Tag Archives: Biology

On Marrying Young

Over the past 40 years, the median age of men and women getting married in the US has risen steeply.  Catholics, it seems, are no different in this regard.  A Pew Research Center study in 2014 found that only 14% of Catholics between the ages of 18-29 were married.  Marrying at a much later age has become the “new normal”.  Statistics are helpful, but they do not answer the most important question as to whether this is a good thing or not.  The answer, not surprisingly, is a resounding “No”.

To see why this question is answered in the negative, we must first make the distinction between what is normal and what is natural.  Normality expresses to what degree a man conforms to a cultural norm.  These norms are always relative to the culture in which they are established.  In the best of all possible worlds, they are also relative to what is natural.  It is when the natural and the normal coincide that the behavior in question leads to true flourishing and happiness (in the fullest sense).  While it may be normal to get married older, it is questionable whether it conforms to what is natural.

A Natural Time to Get Married?

Marriage in itself is natural for the human person, but the question is whether the nature of marriage itself demands that the spouses wait until they are older to marry.  To address this question we must first ask how we determine what is natural.

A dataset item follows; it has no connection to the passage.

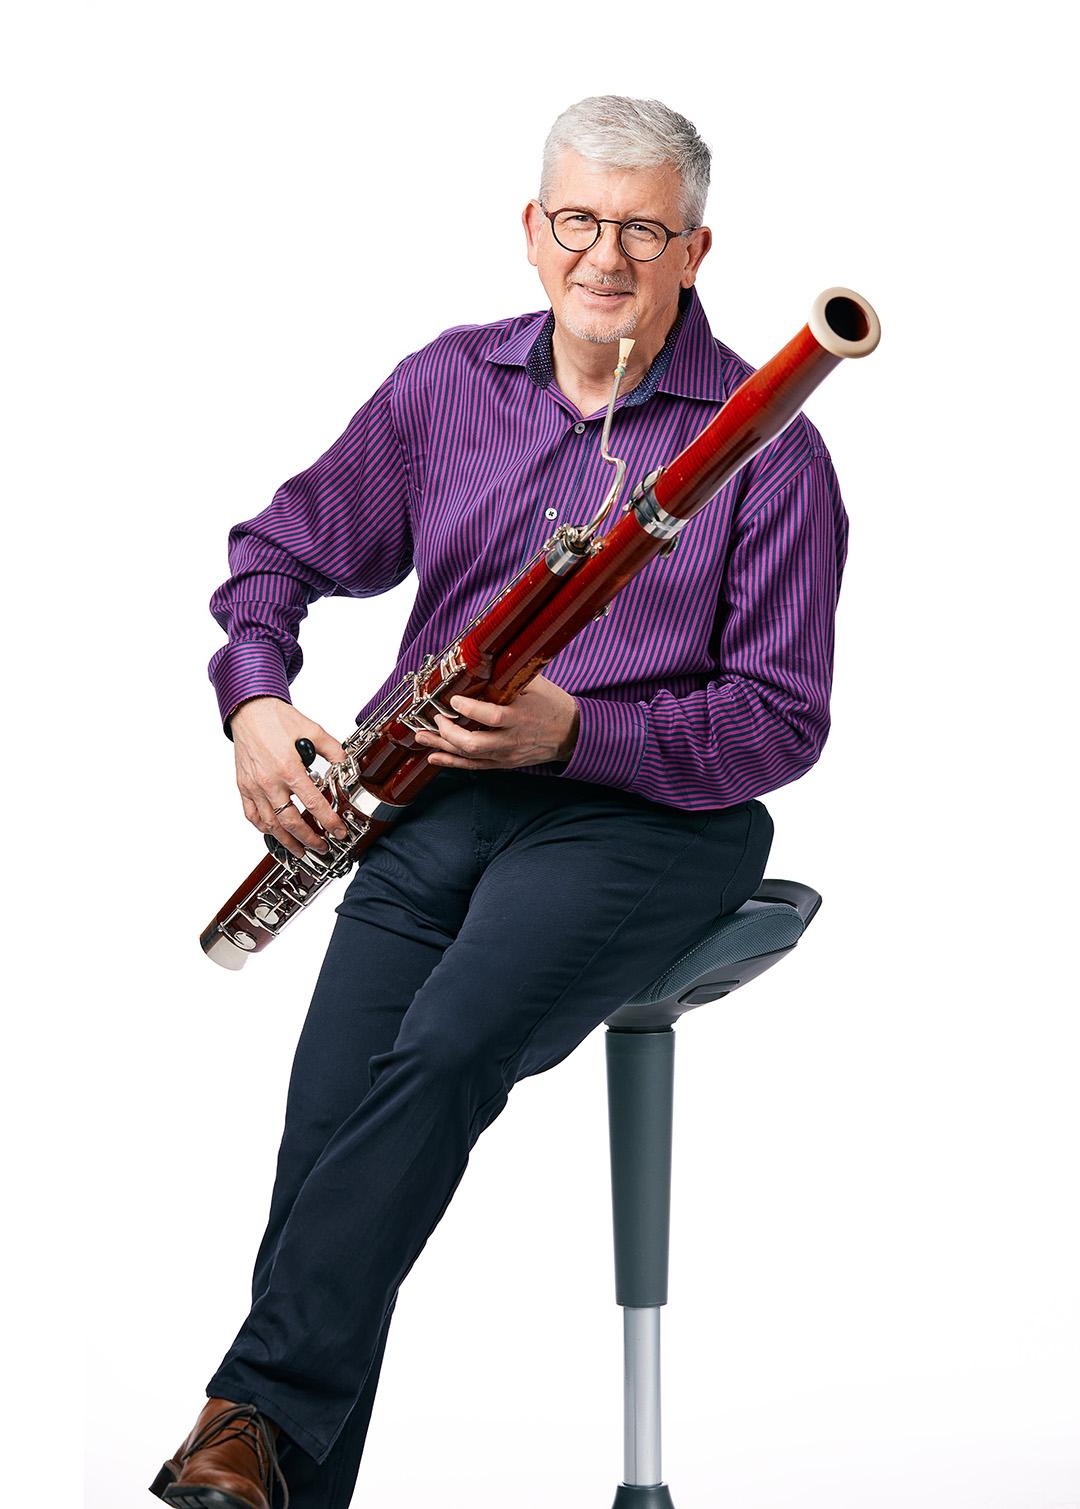 Paul Rafanelli looking friendly and cool, sitting on a stool holding a bassoon

One way that we can do this is by looking at the biological reality of the human body.  What I mean by this can be best illustrated by an example.  We know that, despite being deeply immersed in a Freudian-Kinseyan paradigm, children are not sexual beings.  If they were, then they would develop sexual capacities before the normal age of puberty (12-16).  This is why, as I have written previously, something like Drag Queen Story Hour is an abuse of childhood

While we might readily admit that biology reveals the grievous nature of sexualizing children, we tend to make a the same error when it comes to marriage and sexual development.  Is it reasonable to think that God made men and women sexually mature by their late teens and early 20s only to have them enter a holding pattern for up to a decade?  Perhaps you could say yes, except for the fact that they also experience their strongest libido at the same time. 

Sexual desire is the strongest desire we experience because it is meant to fuel the courage to make the necessary gift of self necessary for marriage and family life.  It is at its strongest at such an early age because it is meant to propel the man and woman out from their parents so as to become parents themselves.  The problem is that we now tell young adults that, despite the fact that they experience strong sexual desire, they are too young for marriage.  There is the obvious disconnect then between God’s design and lived reality.    

With these considerations in mind, it becomes clear that there is something contra-natural about waiting so long to get married.  As mentioned, marriage in and of itself at any age is natural so we cannot say it is against nature.  It does however tend towards being contrary to the nature of marriage itself, especially because it is the foundation of the Family.  Rather than making it possible to be “fruitful and multiply” it contributes to what would more accurately be called the modern “fruitful and maintain” paradigm.  Again to be clear, I am not saying there is anything wrong with waiting to marry in individual cases, but in the general trend and attitude towards the later marriages.

Marriage as a Life Accesory

Once we are able to grasp that younger marriages conform with God’s design for marriage, we can begin to ask why many people fail to see this.  To say that “Marriage is natural” means that it is one of the things that fulfills our nature (i.e. become virtuous).  This fulfillment comes not just because we biologically passed on our genes, but because Marriage and the Family are foundational for our moral growth.  The Family is a school of virtue, not just for children, but for the man and woman as both husband and wife and then father and mother. 

Our culture, on the other hand, treats marriage as if it is merely an add-on.  The professional has taken precedence over the personal.  Marriage is not even considered until a certain level of professional success is achieved.  The person trains himself to link fulfilment with professional achievement.  They also become very set in their ways and their capacity for self-giving in marriage and family is diminished.  We should expect the age to continue to increase unless a fundamental shift in attitude occurs.  The longer the person waits, the less they are “ready” for marriage. 

This putting of the occupational cart before the conjugal horse fails to acknowledge that, as Pope St. John Paul II pointed out, the communion of persons in marriage is a fundamental human good upon which all human goods are built (Veritatis Splendor 14).  To add it into an already settled life is to risk disintegration because the true accessories have been placed before the essential.  Professional decisions are for the sake of supporting a family.  Rather than seeing education and careers as means to supporting a spouse and family, they have become competitors.  The attitude is “once I go to school and get a job, then I will think about marriage” rather than “I am choosing to be trained in this profession because it will allow me to take care of my family.”  And this attitude is encouraged even by well-meaning Catholics.